Moreover, as the number of higher-level apprenticeships has risen, the age profile of apprentices has changed. As the chart shows, over time proportionately more apprenticeships have been started by those aged 25 and over. In 2022/23, 53% of those on Level 6 apprenticeships and 62% of those on Level 7 apprenticeships in England were aged 25 or over. In 2020, it was reported that senior leadership (equivalent to an MBA) and chartered management programmes made up almost half (46%) of degree apprenticeship courses.

Source: Department for Education, Apprenticeships and traineeships data

On the one hand, this suggests the drive for higher-level apprenticeships has worked well for lifelong learning. People already established in their careers are accessing higher apprenticeships, as their employers use the Apprenticeship Levy to raise the skills of their workforce. On the other hand, the supply of degree apprenticeships aimed at school leavers, especially those from disadvantaged backgrounds, is lower than much political rhetoric might imply.

There are widespread concerns over the completion rates for apprenticeships as close to half of those who start a course do not complete it. This explains why the Office for Students sets a minimum completion threshold of 55% for undergraduate (Level 6) apprentices, which is significantly lower than the 75% target for full-time first-degree (non-apprenticeship) students.
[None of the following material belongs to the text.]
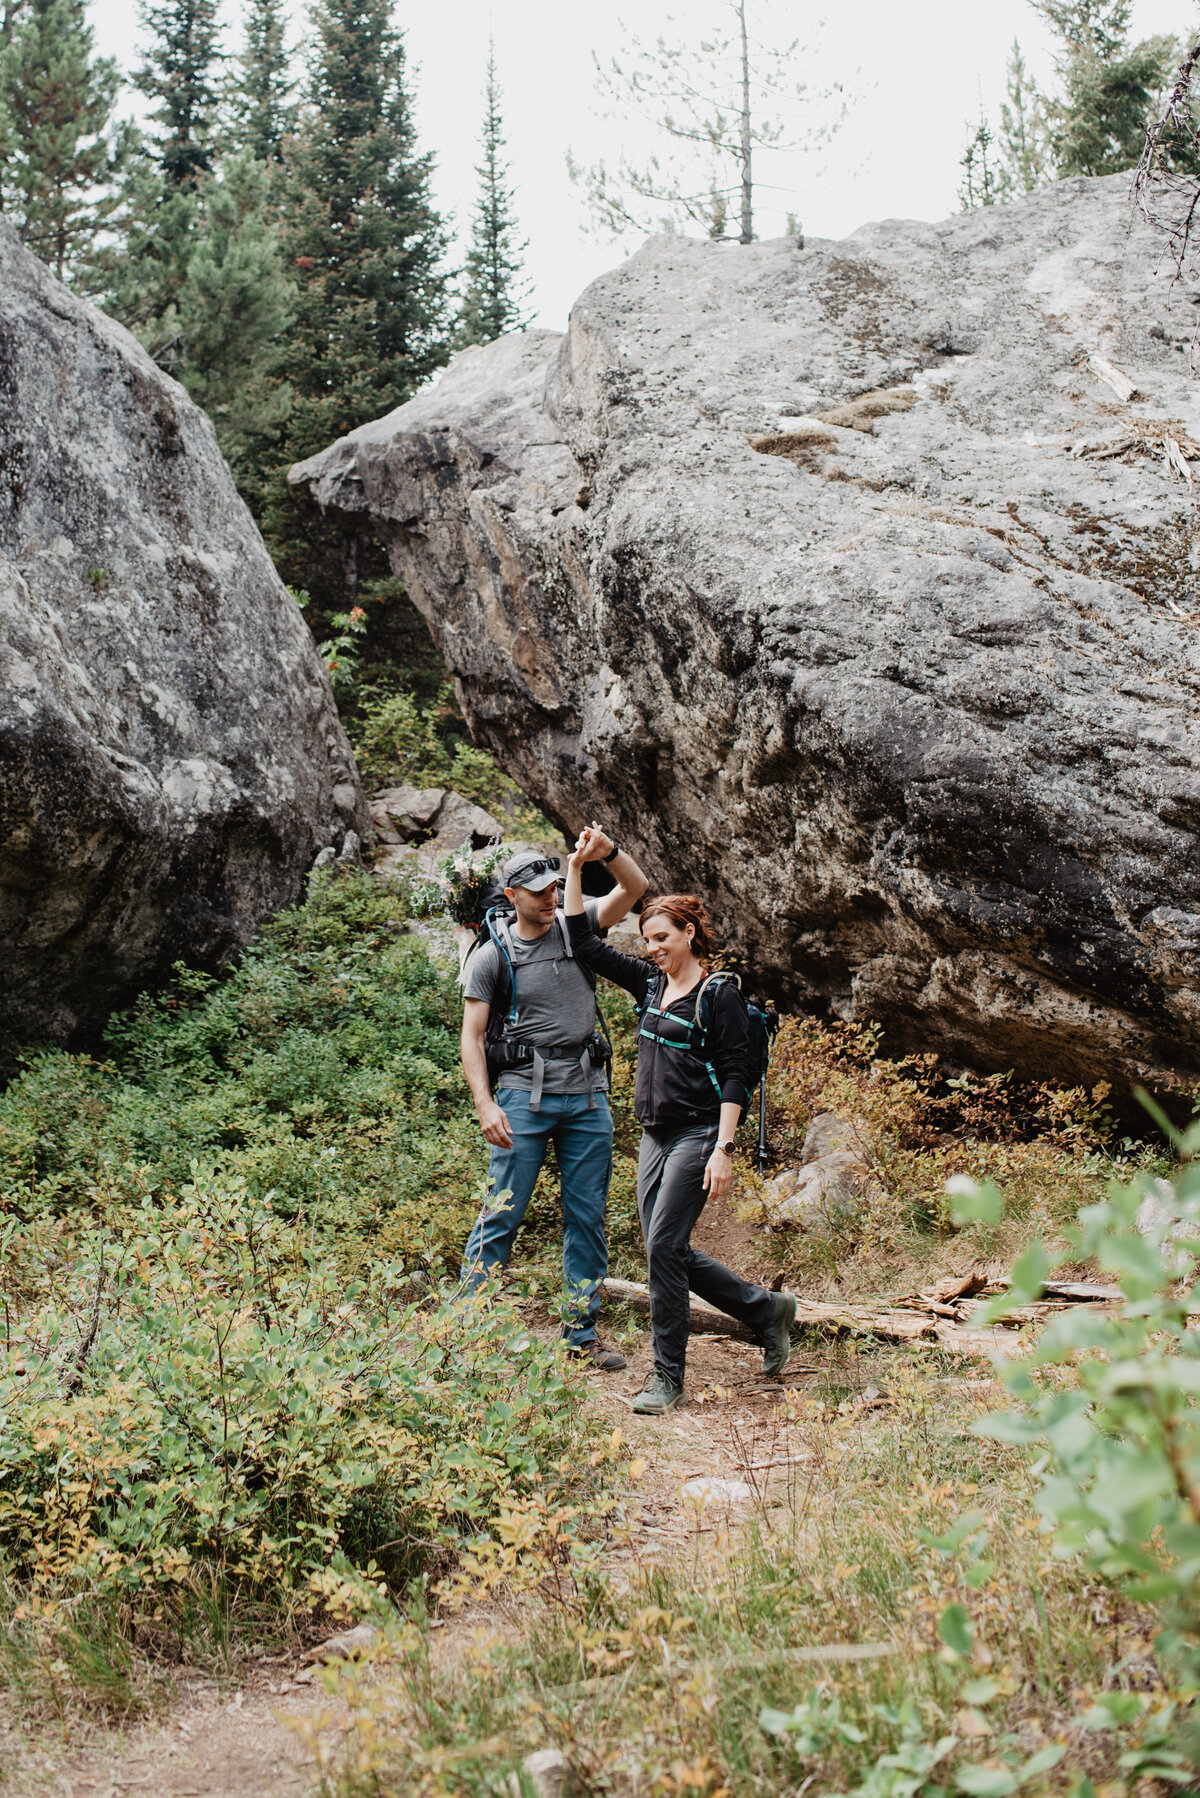 Jackson Hole photographers capture man helping woman through hike

Apprenticeships are a popular policy concept. However, reform is needed to ensure that apprenticeships serve those they are intended to. Suggestions for reform include:

  • Lord Willetts and Lord Knight (a Conservative peer and a Labour peer, respectively, both of whom were previously Ministers with responsibility for parts of the education system) recommended the ‘government looks to funding degree apprenticeships through the standard higher education fees and loans model’ while concurrently cutting the red tape limiting the supply of places. This would allow for significant expansion of higher-level apprenticeships without a large upfront cost.
  • The Learning and Work Institute recommends a ‘Flex and match’ skills levy. This would broaden the current apprenticeship levy to give employers greater flexibility to spend their levy on training in priority areas, but only if they also invest in apprenticeships for young people.
  • Universities UK have recommended a review of the costs and burden of regulation, stating ‘the scale, complexity and high cost of how degree apprenticeships are regulated creates a potential barrier to entry’.

Alongside improvements to the apprenticeship offer, the incoming Government will take on responsibility for the Lifelong Learning Entitlement (LLE). This is designed to provide learners with funding for four years of higher education study at Levels 4 to 6. Ministers have claimed the policy is akin to ‘the revolutionary ideas that shaped the founding of our NHS’. When the underlying legislation was going through Parliament, the Rt Hon. Robert Halfon MP, Minister of State for Skills, Apprenticeships and Higher Education, told the House of Commons that the LLE would provide people with ‘a flexi-travelcard to jump on and off their learning as opposed to being confined to a single advance ticket. This is not just a train journey; it is a life journey.’

The goal is that learners will be able to use this loan for ‘stackable’ modules of 30 credits rather than having to sign up for a full qualification in advance. However, full implementation of the LLE has been delayed from 2025 to 2027 and many unanswered questions remain. For example, the mechanism for transferring credit obtained at different institutions is unclear.